Minor typos and smaller issues are often best addressed by the reviewer to reduce the feedback loop time of pointing out an issue and waiting for the author to improve the implementation. If it is a small thing, just fix it! 😅

Bob feels it might be useful to include the robot setup instructions in the repository README.md file, since the pull request will be eventually merged and closed, and the instructions will be difficult to find if a new developer joins the project. Bob's boss asks him to brew some coffee, so Bob does not have time to improve the instructions himself.

Request changes

Larger architectural or conceptual issues might require deeper discussions before proceeding with any changes. These are often better implemented by the author herself. You can write your review in GitHub and mark the status as Request changes. This will flag the pull request so that the author knows that some modifications are needed.
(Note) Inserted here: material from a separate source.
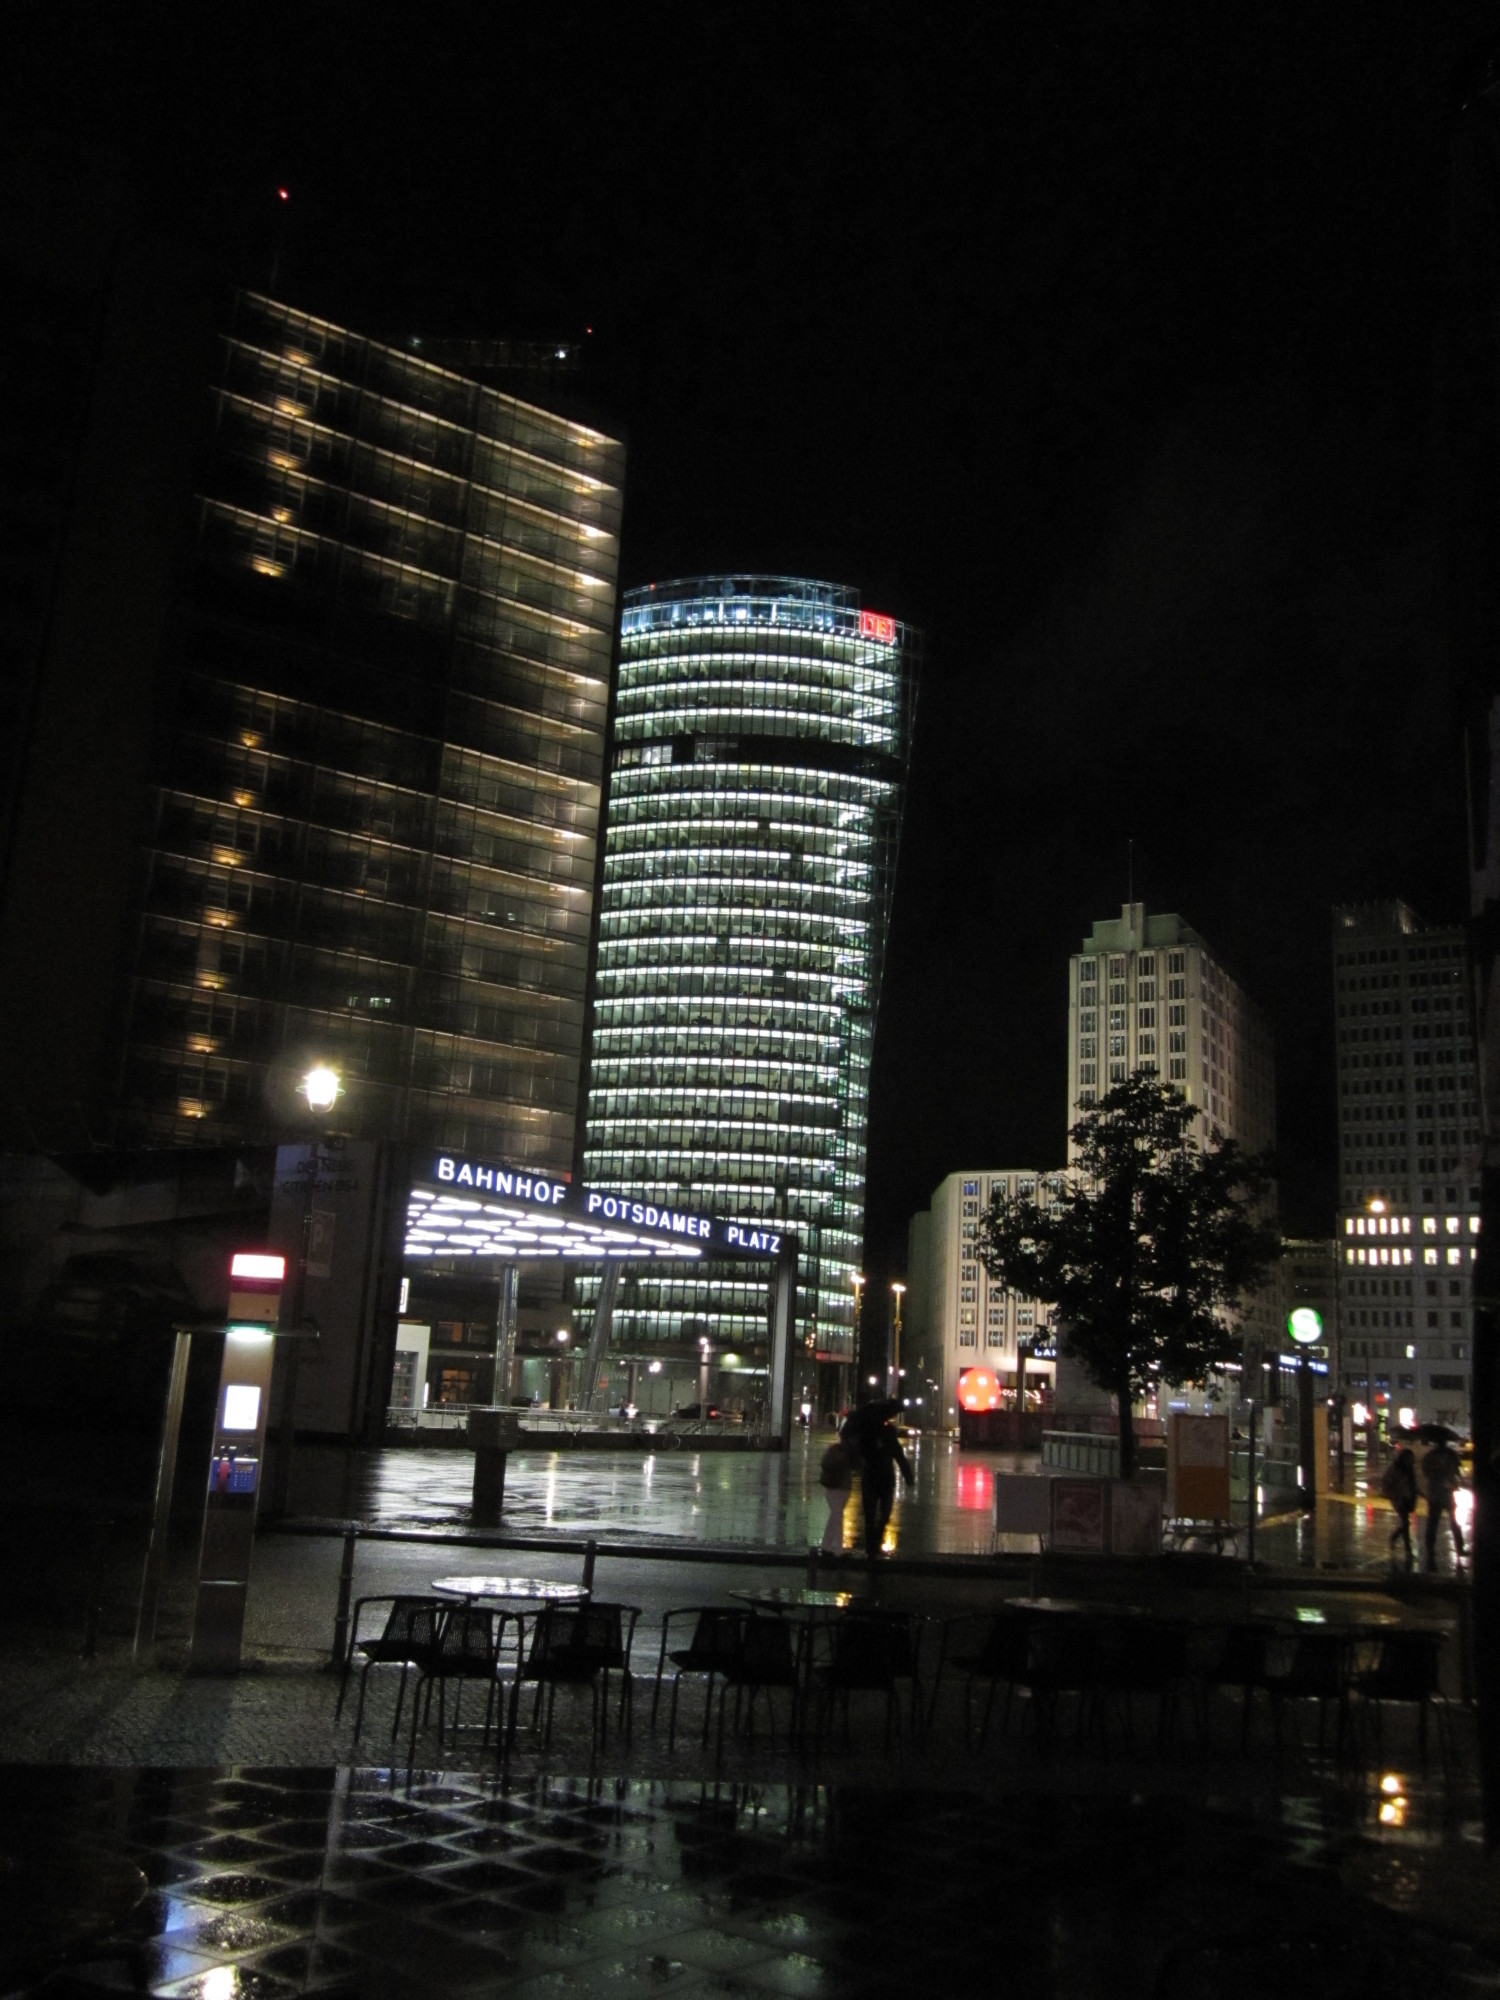 Potsdamerplatz by night

Since Bob is completing important chores, he marks his review as Request changes.

Approve it

If there were no issues or only minor things that the reviewer decided to fix while reviewing (to avoid the feedback delay), the review status could be set as Approve.

Submit review

The final step of the review process is to submit the review, fetch a cup of ☕️, and wait for the author to do all the heavy lifting!

What we learned

  • Having someone else to review your changes is a great idea.
  • Try to understand the changes and the reasoning for doing them. If you don't understand, ask the author.
  • Test the changes. Eyeballing is not enough for finding potential issues.
  • Test both locally and in Robocorp Cloud.
  • Fix easy-to-deal-with things as you review to reduce the unnecessary feedback loop delay.
  • Request changes for things that are not straightforward to fix.
  • Discuss potential architecture issues with the author. You may come up with something that works better!
  • GitHub provides excellent tools for reviewing and discussing the changes.